Rush sits up a little higher and smirks.
“Details.”
“She’s someone else’s wife. There are no details.”
“Well, then for God’s sake, man, get yourself a woman you can have details with.”
Waverly shakes his head and says, “I gotta take my pills. I got hit the hay.”
“You gotta talk to your brother,” Cassidy reminds him.
“Thank you, Personal Conscience!”
“You’re quite welcome.”
“Good night, Cass. Goodnight, Rush.”
“Goodnight, Grinch,” says Rush, and ducks as Waverly aims a paper wad at him.





“SO HOW DO YOU FEEL ABOUT ALL THIS?” ARA ASKED HIM.
Ara Tolliver lived in a house with four roomates; a two story brick done in a
Mediterranean style, and grown over with ivy. She and Waverly sat at the open French doors,
their bare feet touching the cold metal of the little balcony that looked down on the front
yard.
“All what?” Waverly took a puff on his cigarette.
“The friendship thing,” she said.
“Oh... you mean as opposed to you be willing to date me.”
“Yes,” Ara said, thoughtfully, taking a sip from her drink. “Yes, that’s exactly what I
mean. You ought to try this. It’s not bad at all.”

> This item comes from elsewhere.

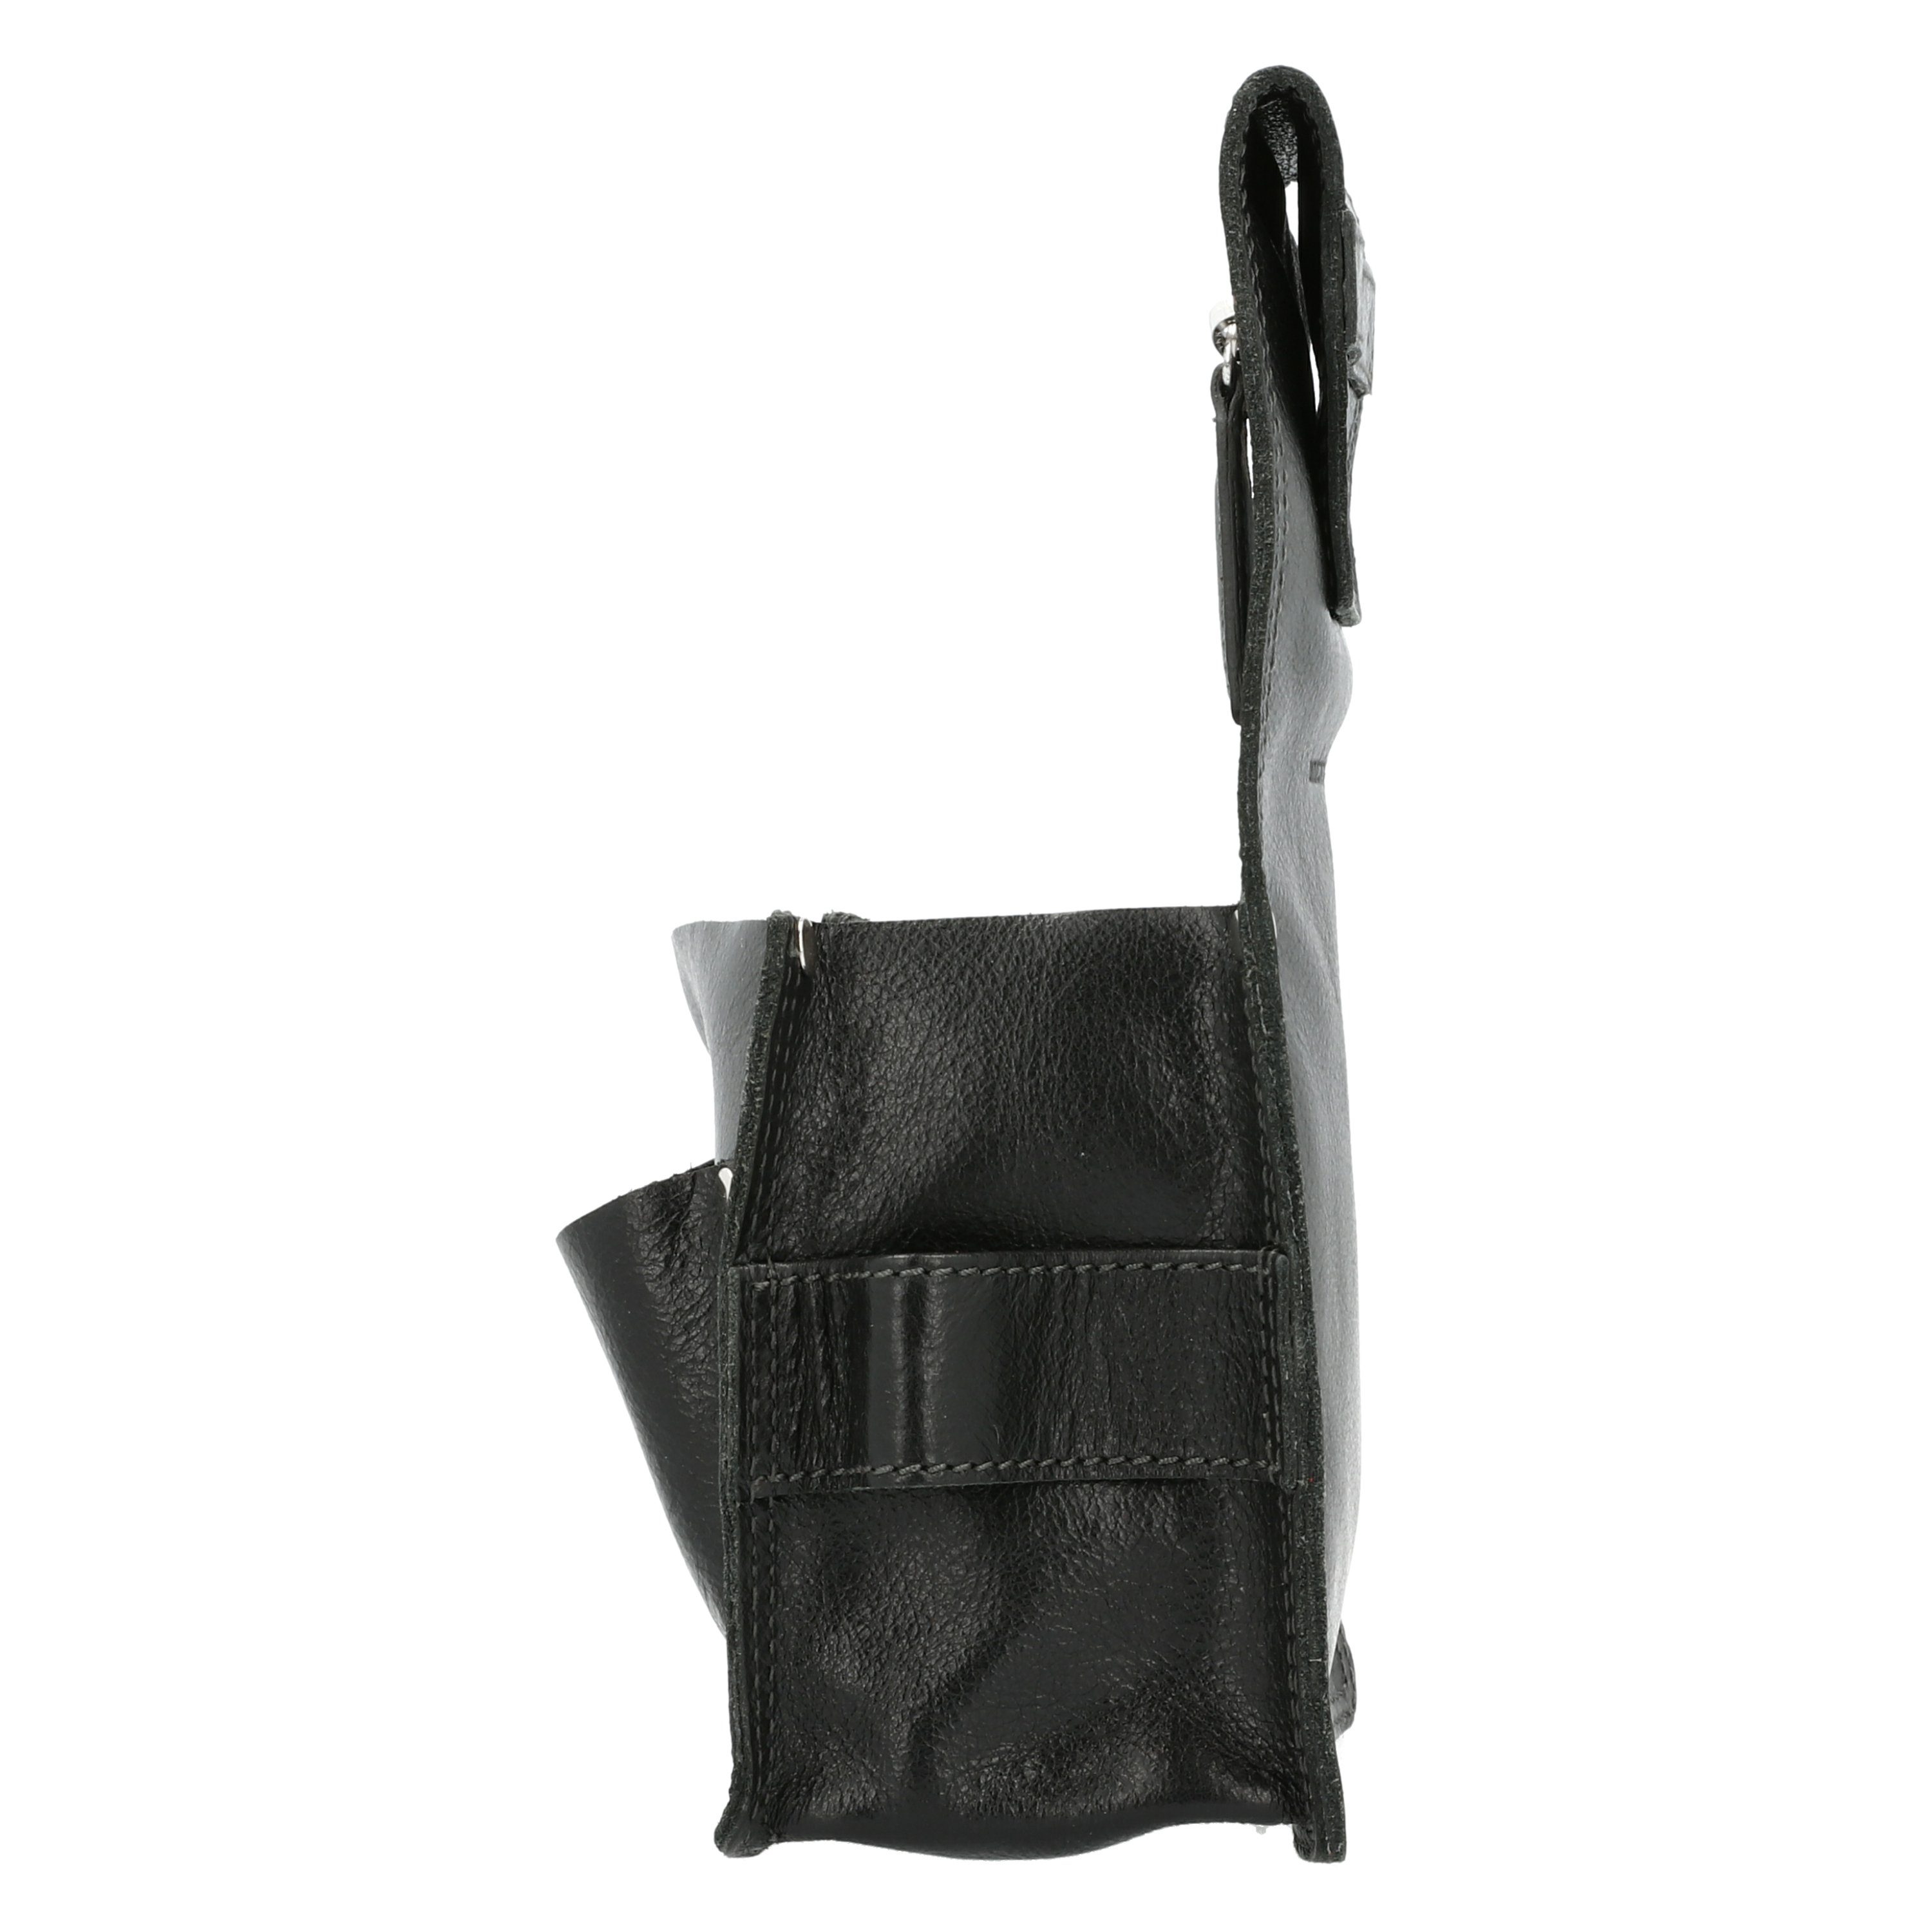 Picard Werkzeugbox PICARD Werkzeuggürtel Tool schwarz aus Echtleder Bag

Waverly did. “Um, not bad. But,” he crushed out his cigarette. “Back to the whole
reason for not dating me.”
“Because I don’t feel like dating anybody.”
“You said-- and I believe I didn’t make this up-- that it’s cause I’m white.”

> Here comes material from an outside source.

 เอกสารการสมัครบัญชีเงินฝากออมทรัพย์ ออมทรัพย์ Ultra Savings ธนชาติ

“Well, yes, that’s true too.”
“That’s prejudice.”
“No,” Ara, said. “It’s afterjudice.”
When Waverly stared at her, Ara said, “Prejudice is when you don’t give something a
chance. Afterjudice is when you say, “Been there, done that, it sucked. Not going through
that bullshit again.”
“Well, have you dated Black guys?”
“Of course I have,” Ara sounded offended.
“Well, apparently that didn’t turn out so hot, either.”

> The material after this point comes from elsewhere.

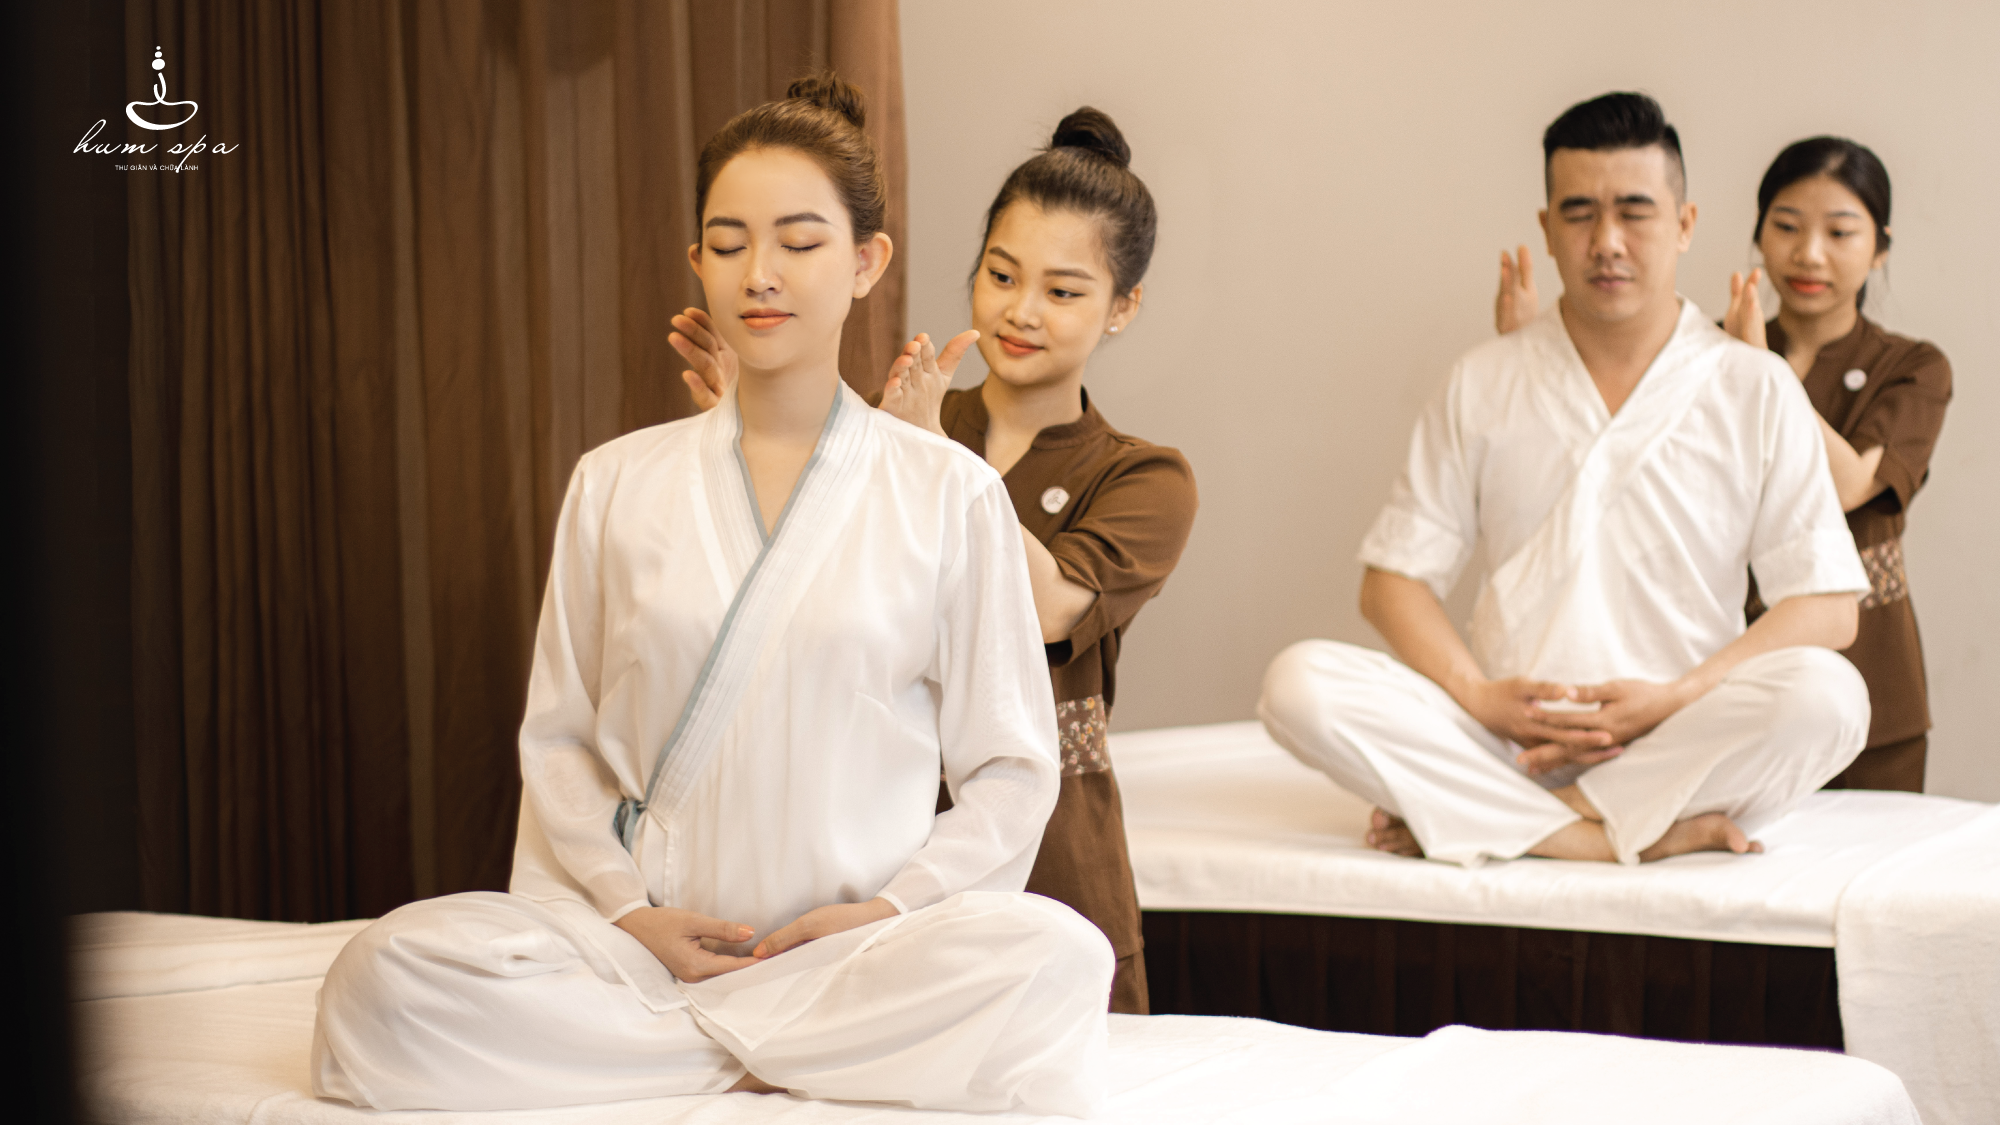 Massage y học cổ truyền là gì

“No, but it didn’t turn out disastrous. Y’all-- white men-- are disastrous. And before
you tell me I’m wrong... think about it. Think about your priorities.”
Waverly found himself saying, “Cindy told me.... that I was too into work, and too
nice.”
“That could be a problem,” Ara said. “I don’t think I can settle for being second to
anyone. I don’t think I want to be anybody’s exotic Black girlfriend. That’s old, not
interesting anymore.”
“Well, I wouldn’t be like that.”
“No, Waverly you won’t--”
“Cause you’re not dating me.”
“Exactly,” Ara smiled.
“You’re a cruel woman.”
“I’m a tired woman,” she said frankly. “Besides. What’s the difference between
hanging out with me and dating me. What’s the difference, Waverly?”
Waverly couldn’t answer
“You know what I think?”
“What?”
“I think you’re the Great White Hunter.”
Waverly shook his head, and took out another cigarette, saying, “I have no idea what
the hell you’re talking about.”
“You’re on the chase. You want to catch me. It’s the pursuit and when it’s over...
you’ll lose interest.”
“You really think I’m like that?”
“Everyone’s been like that.”
“You don’t know me, then.”
“No,” Ara said. “I don’t know you completely. But I do know you’re a good man and
a good friend. And I do think I know that part of you.... that’s on the chase.”
“I’m not on the chase.”
“Yes you are,” Ara insisted.


Cecil Matthews had consented to being grey headed when he turned sixty-two. Until that
time he had been sneaking occasional hints of Grecian formula into his scalp. People told
him he looked distingushed. At first he’d thought he judt looked old. He was not wrinkly. He
would not let himself wrinkle. He was convinced that human beings had more than they
thought to do with their own senescence, and since he had no plans of dying anytime soon,
and certainly no plans of looking like shit for the next thirty years, he kept himself up.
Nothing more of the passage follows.